I think we can highlight the 2023/10/05 08:12:57 routes.go:86: changing loaded model at the begining, Something in the request from Continue likely tell Ollama that the current model is not the requested one, causing it to reload,

I tested it with codellama:7b and codellama:34b as well

sestinj commented 1 year ago

@FrouxBY It makes sense that loading a different model would cause this.
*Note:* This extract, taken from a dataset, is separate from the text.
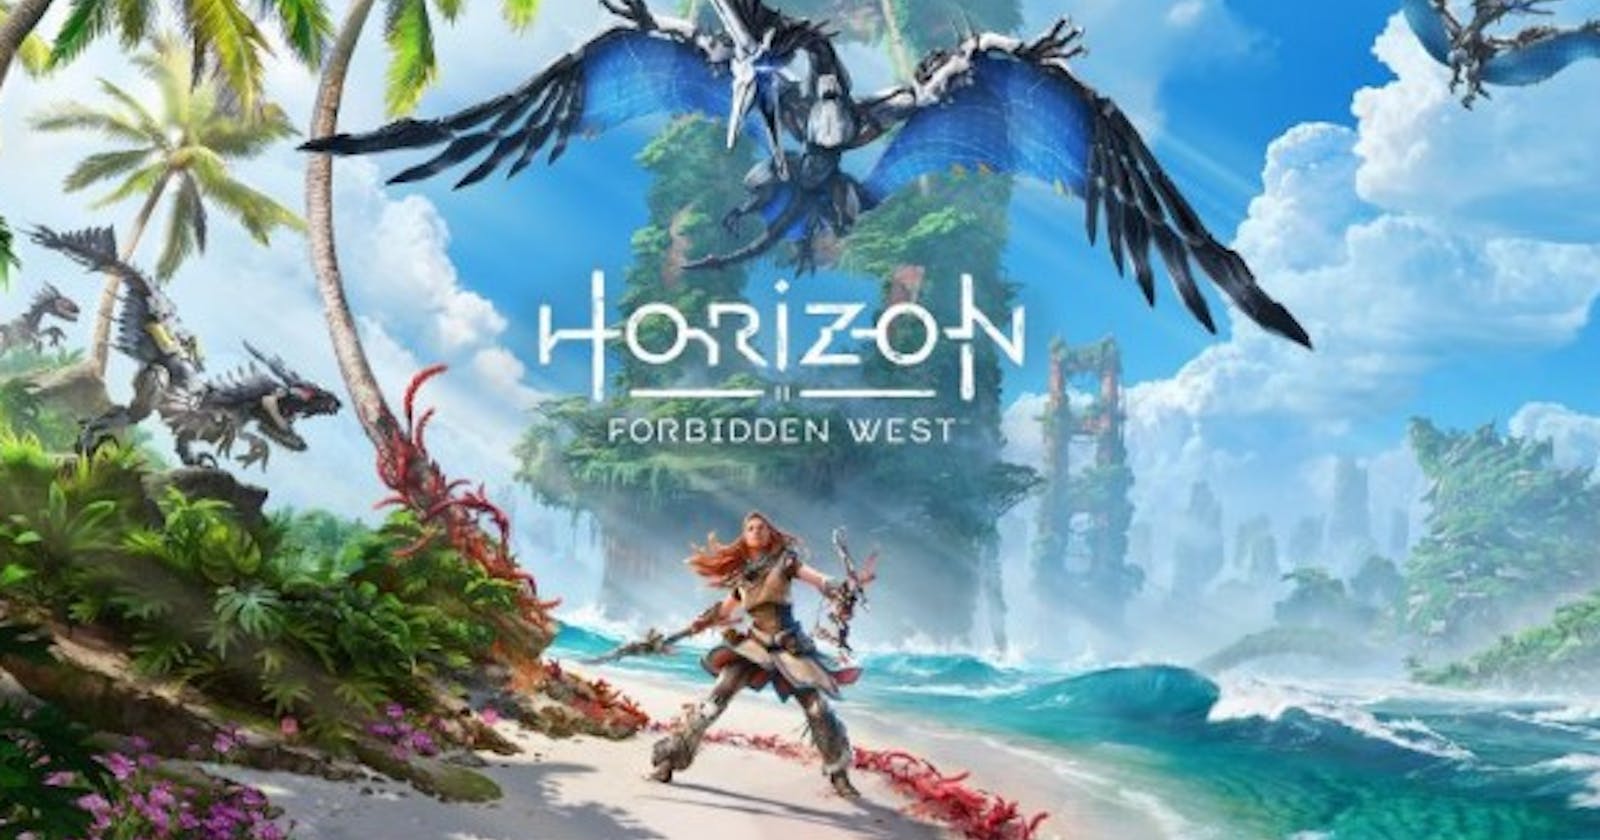 [REVIEW] Horizon Forbidden West—Solid Action RPG with Great Visuals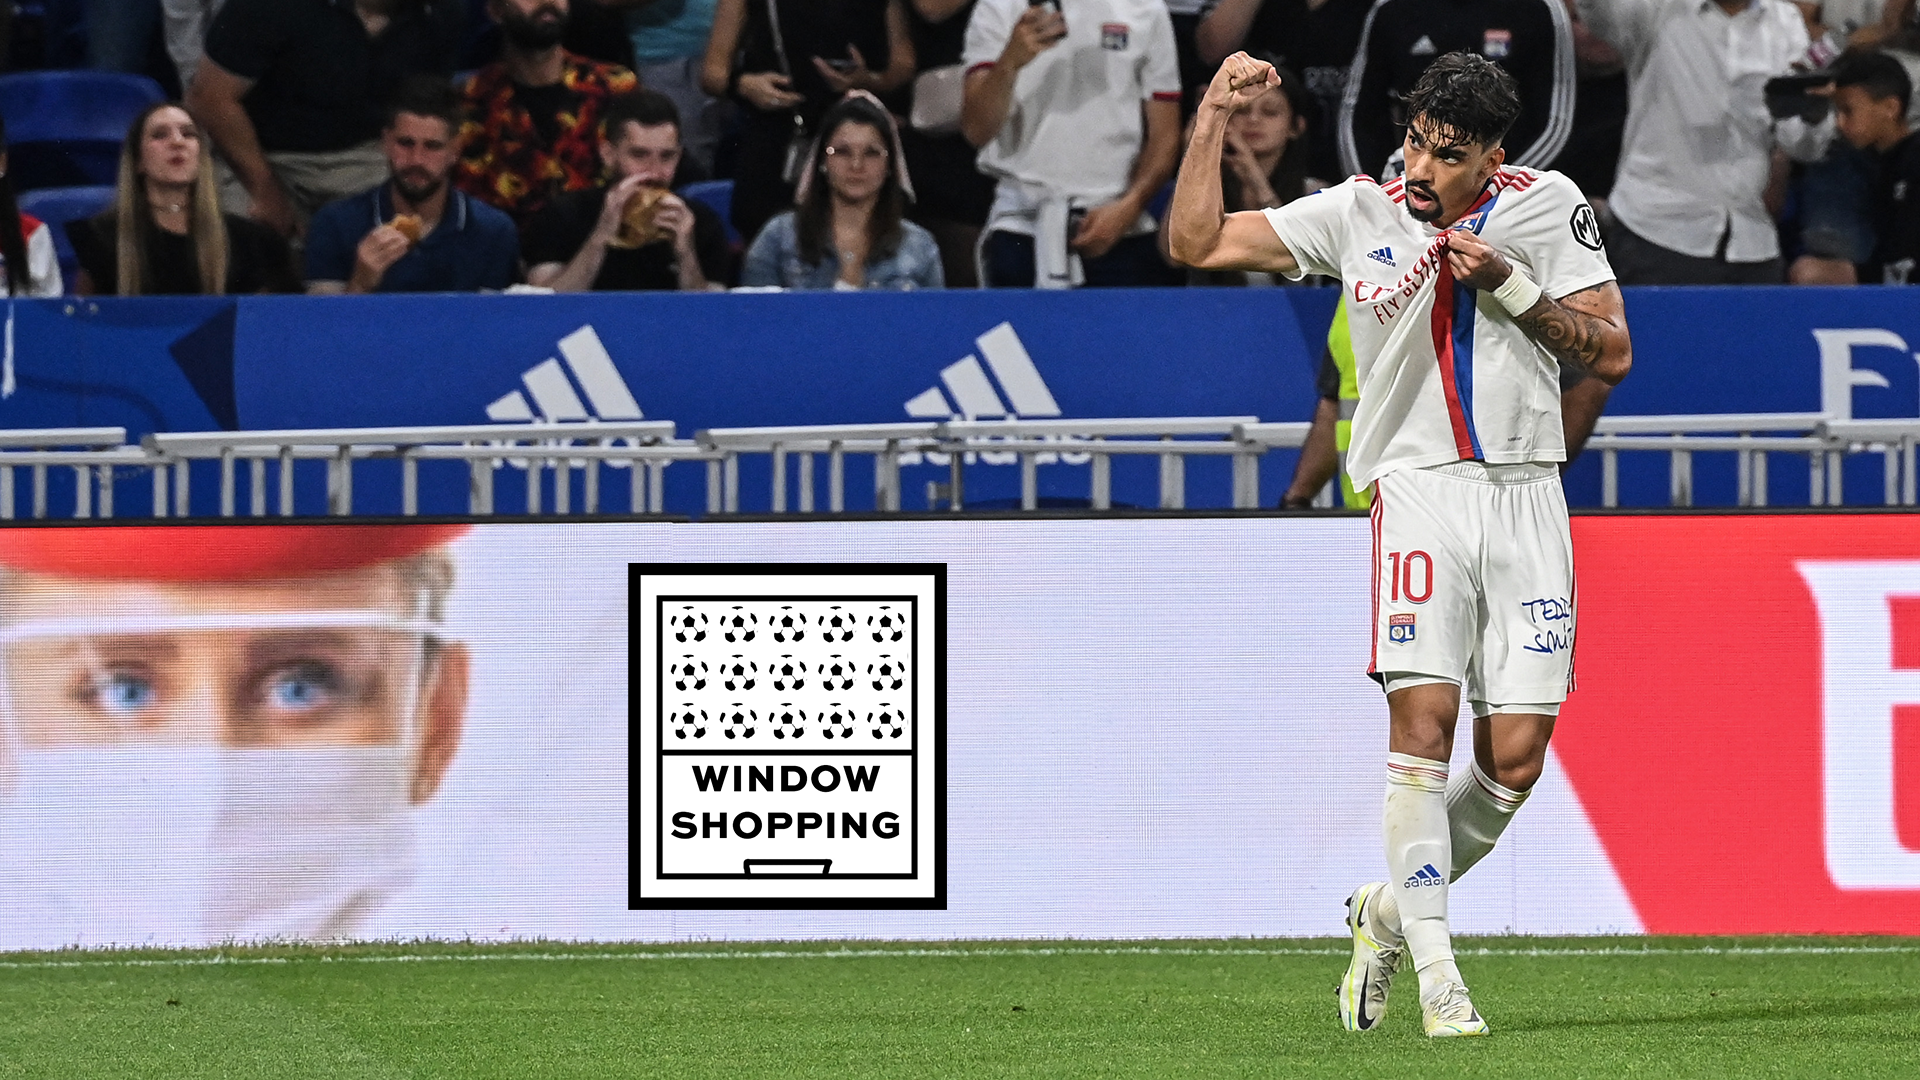 Lyons Brazilian midfielder Lucas Paqueta celebrates during the French L1 football match between Olympique Lyonnais (OL) and FC Nantes at The Groupama Stadium in Decines-Charpieu, central-eastern France on May 14, 2022.

In your config.py, do you have any of the model roles set other than default? (If you're not sure, then this is unlikely, it would look like summarize=... or edit=...)

The exact request we make to Ollama is this:

        self._client_session.post(
            f"{self.server_url}/api/generate",
            json={
                "template": prompt,
                "model": self.model,
                "system": self.system_message,
                "options": {"temperature": options.temperature},
            },
            proxy=self.proxy,
        )

so if it's a problem with that, then the following curl command would have the same problem (only differences are template+system params):

curl -X POST http://localhost:11434/api/generate -d '{
  "model": "codellama:7b",
  "template":"Why is the sky blue?",
  "system": "Give a concise answer"
}'

If this is a matter of making simultaneous requests, then the following should completely solve the problem: https://continue.dev/docs/reference/Models/queuedllm

Can you try both this curl request and the QueuedLLM? If the curl request works and QueuedLLM does not, then I'll get in touch with the Ollama guys to see if there's something else going on here

FrouxBY commented 12 months ago

Hi @sestinj, thanks for your input,

I have analyse the request from Continue to my Ollama instance, I discover an alternance of prompt with temperature to "options.temperature", and prompt with temperature = "null"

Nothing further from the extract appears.